The Welsh Government is reforming the development opportunities on offer to teachers. It is working with ‘Pioneer schools’ towards the establishing of a new single professional learning offer by July 2018, in time for the availability of the new curriculum in September 2018. New professional standards are also being developed along with a revamp of initial teacher education (ITE) programmes (following the Furlong Review) with new ‘transformational’ versions to be introduced in September 2019. The Children, Young People and Education Committee is currently undertaking an Inquiry into Teachers’ Professional Learning and Education.
Other key observations
- Performance is more polarised at secondary school level than primary school level. More secondary schools have either Excellent or Unsatisfactory performance and prospects for improvement, whereas primary schools tend to be clustered predominantly around the two middle judgements of Good and Adequate. This is a continuing pattern from previous years.
- There is a growing trend of entering pupils early for exams. Estyn find that it can be beneficial in certain subjects, particularly Mathematics but if applied more broadly to larger cohorts of pupils it can be detrimental. It might help pupils gain C grades and help schools’ Level 2 threshold performance (5 or more GCSEs at grades A*-C) data but Estyn say it has ‘drawbacks’.
- More able learners do not achieve as well as they should. This suggests the system is not doing enough to enable more able and talented pupils to fulfil their potential. The OECD has observed that Wales has a comparatively inclusive system but does not stretch more able and talented pupils as well as it could.
- The proportion of pupils achieving 5 GCSEs at grades A*-C has increased from 51.1% in 2012 to 57.9% in 2015 and 60.3% in 2016, although the proportion achieving 5 GCSEs at grades A*-A has reduced from 17.1% in 2012 to 16.6% in 2015 and 15.9% in 2016. (Note that the Welsh Government began using a slightly different statistical method in 2016, measuring the cohort of pupils in Year 11 rather than those aged 15 at the start of the academic year.)
- The gap between the proportion of pupils eligible for free school meals achieving the Level 2 threshold inclusive (5 GCSEs at grades A*-C including Welsh/English and Maths) and other pupils was 31 percentage points in 2016. This is the narrowest the gap has been in ten years.
- Estyn inspected each regional consortia in 2015/16. The Chief Inspector reports that the consortia do not sufficiently analyse the progress of groups of pupils, including the more able, in enough detail. They are also not doing enough to tackle variability in standards, particularly between secondary schools.
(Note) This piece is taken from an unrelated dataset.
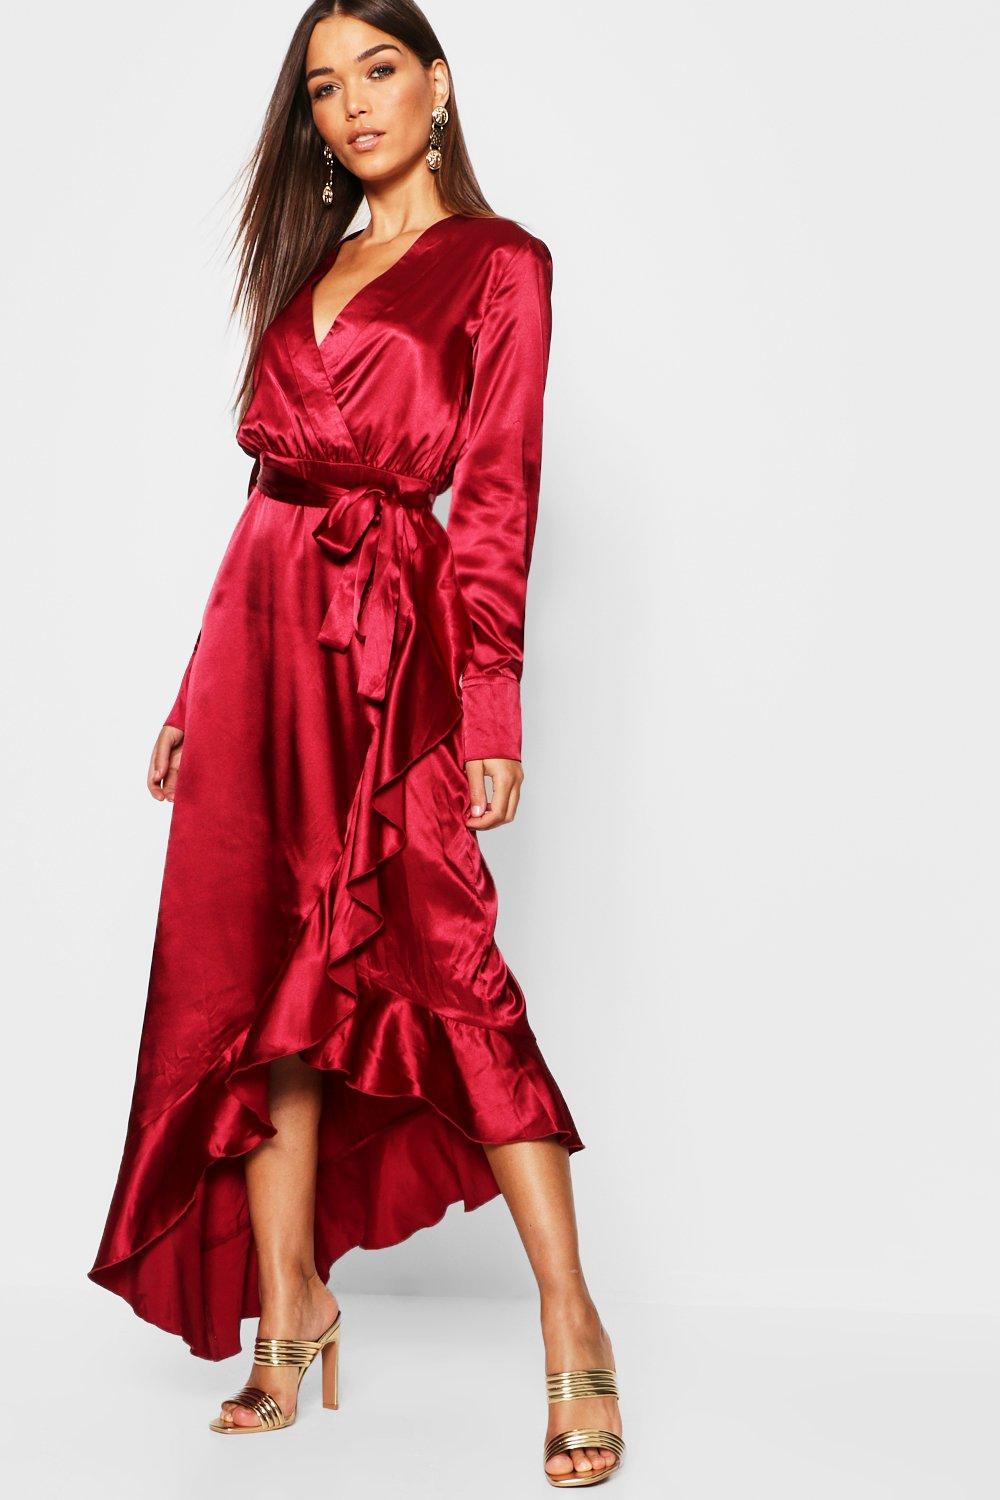 Burgundy Wrap Dress Maxi Hot Sale, UP ...

- The long-term problem of poor performance and outcomes within Pupil Referral units continued in 2015/16. Annual reports over a number of years have highlighted this as an area of concern.
What does Estyn actually look at when it inspects schools and other settings?
Estyn uses a Common Inspection Framework, which was introduced at the start of the current cycle in September 2010. This framework consists of three key questions on ‘how good’ are outcomes, provision, and leadership and management. Estyn then forms two overall judgements about the current performance and prospects for improvement of each setting according to a four-point scale: Excellent; Good; Adequate; Unsatisfactory.
Estyn publishes data on its inspection outcomes. This provides details of all inspection judgements since the start of the current inspection framework cycle in September 2010. This can be filtered by specific sectors.